Short input challenges: these serve multiple reasons. One is to teach using the target language's native writing system. It's currently the only challenge type that forces you to spell out a word. Another reason is to create a more difficult type of exercise that forces you to retrieve the word without any extra clues. For now this only exists for words, but for phrases we should create another challenge type which is similar, but offers clues word-by-word using the mini-dictionary.

Listening challenge: this serves to train listening comprehension.

Chips challenge: this serves to train the user to be able to construct sentences on their own. Effectively this is meant to teach the syntactical rules of the language as well as to simply expose the learner to more complex examples.

What is the overall teaching approach LibreLingo aims for, even if not all of it is implemented yet?

I think there are multiple ways to answer this.

On one hand, LibreLingo courses should focus on teaching by example. Since one of the main factors in learning success is the time you spend learning, the courses should be easily approachable and the learning sessions should be very flexible. If the course material doesn't take a set amount of time to interact with and doesn't take a lot of preparation to start with, then the user is hopefully more encouraged to make learning a routine that they can do very regularly.

LibreLingo uses spaced repetition. Ideally spaced repetition is implemented by the course content itself (i. e. relatively rare words are repeated at increasing intervals in the course content itself), but there's no software supporting this correctly. However, repetition for already completed skills is already implemented in software.

On the other hand, it's a long term goal to fully embrace the advantages of a free software/open source/public domain nature and build tooling that will encourage greater creativity and customization. This means that a course could be forked and adapted to different environments/organizations or even be used by a private teacher to create a customized course for their student.

(more answers coming up)

kantord commented 3 years ago

How and why are challenges sequenced in a skill?

if you mean in what order challenges show up, then a rough outline:

How and why are challenges split into levels of a skill?

These are split randomly. They are split into different levels so that you have smaller chunks of learning material for each skill, without requiring the course authors to create very very small units manually. This should also make the general overview of the course more manageable as it reduces the overall number of skills needed in a courses.

As for the reasons for the random split:

How does LibreLingo implement spaced repetition?

It is implemented in a very simplified way. As mentioned above, partially it can be implemented by organizing the course content carefully, but the predictability/accuracy there is very low.

Another way spaced repetition is implemented is by "stale" skills. "Stale skills" need to be practiced for them to become fresh again.

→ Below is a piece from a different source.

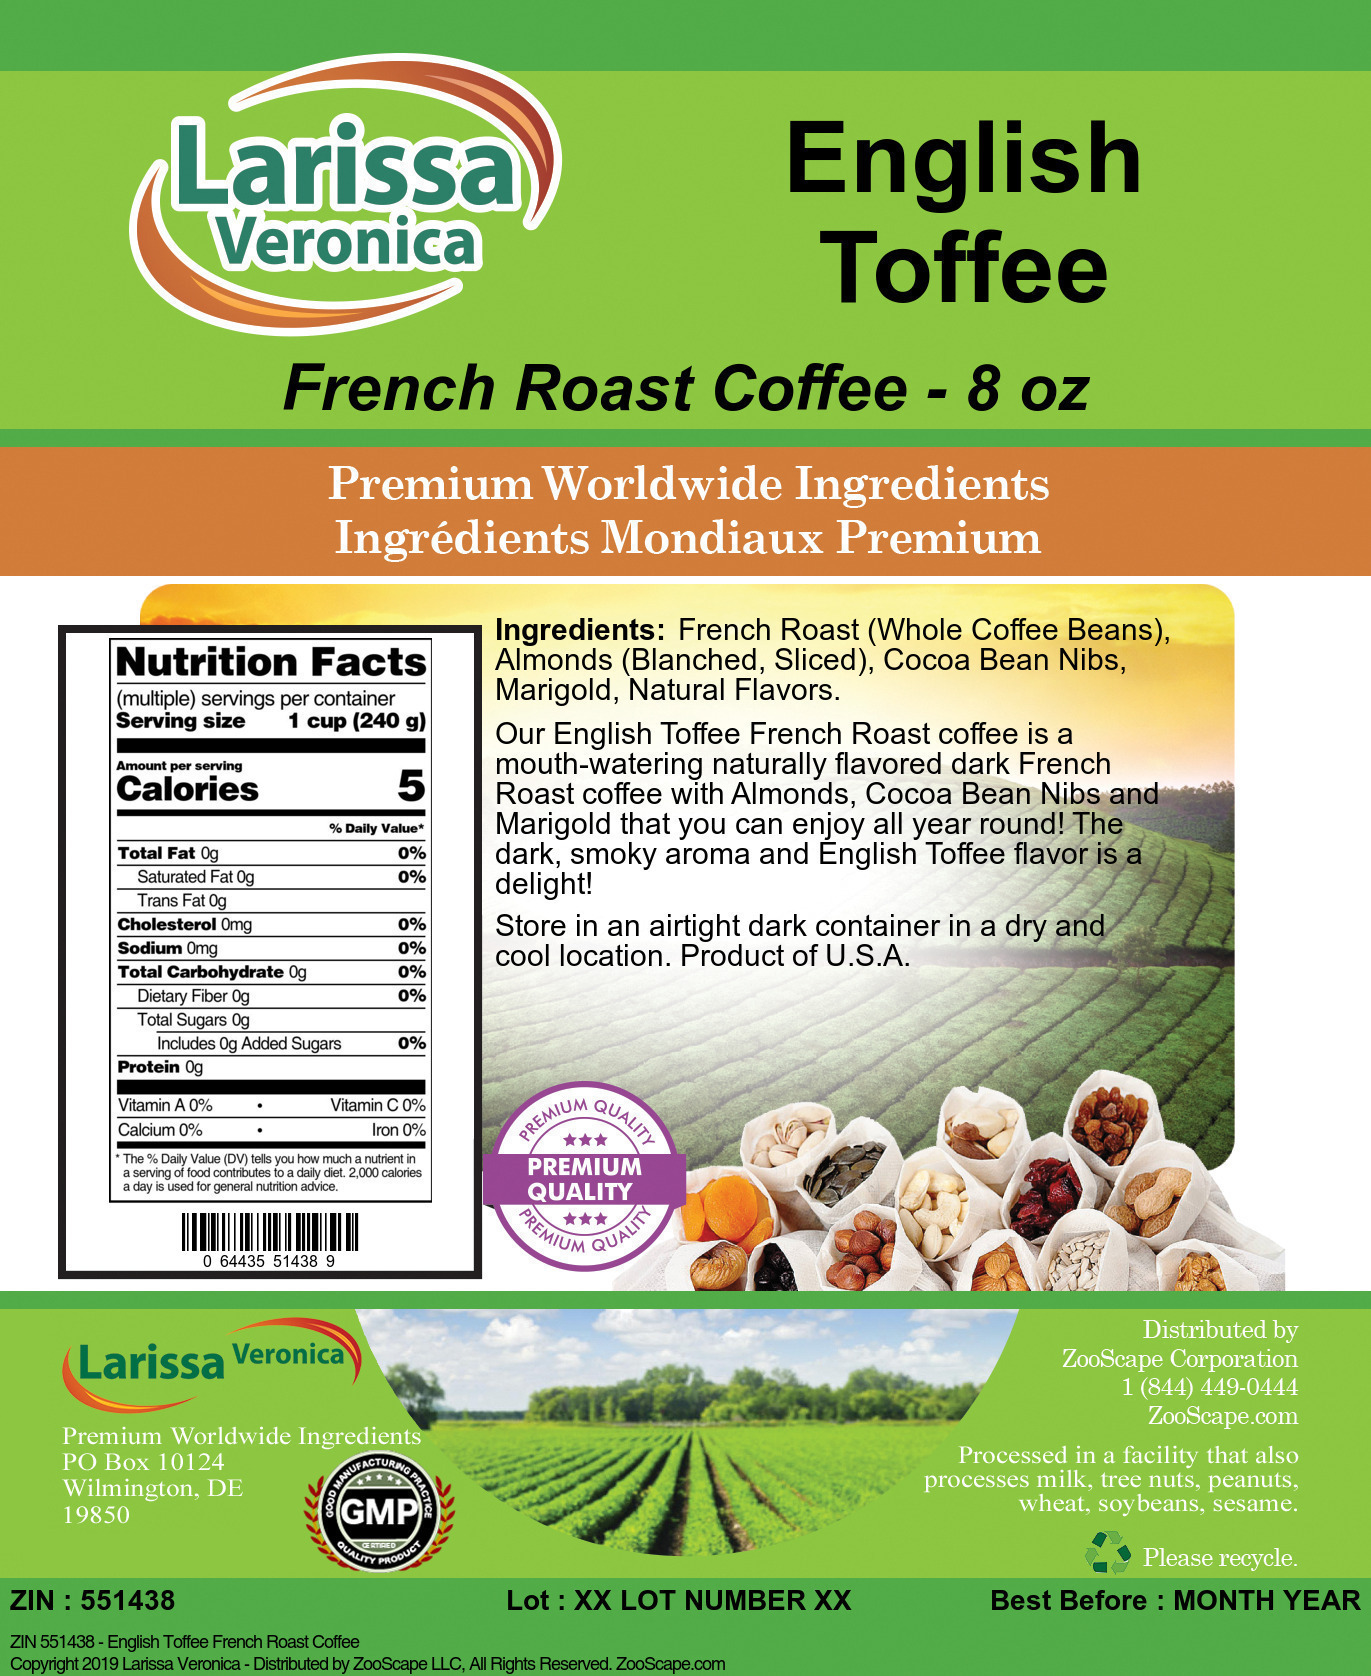 English Toffee French Roast Coffee - Label

Here's the formula that implements spaced repetition correctly: https://github.com/kantord/LibreLingo/blob/main/apps/web/src/db/skill/_logic.js

Note that this formula is hardly perfect and there's currently no feedback that could be used to fine-tune it

kantord commented 3 years ago

btw, @zmbc, might this issue partially overlap with this one? https://github.com/kantord/LibreLingo/issues/1147#issue-821828880

zmbc commented 3 years ago

Thank you so much @kantord -- this is extremely helpful background, even just for me personally as a course author.

I love writing documentation and am very much interested in adding this context, but I think for now I am going to prioritize continuing to develop the content of the toki pona course. I will come back to this!

stale[bot] commented 2 years ago

This issue has been automatically marked as stale because it has not had recent activity. It will be closed if no further activity occurs. Thank you for your contributions.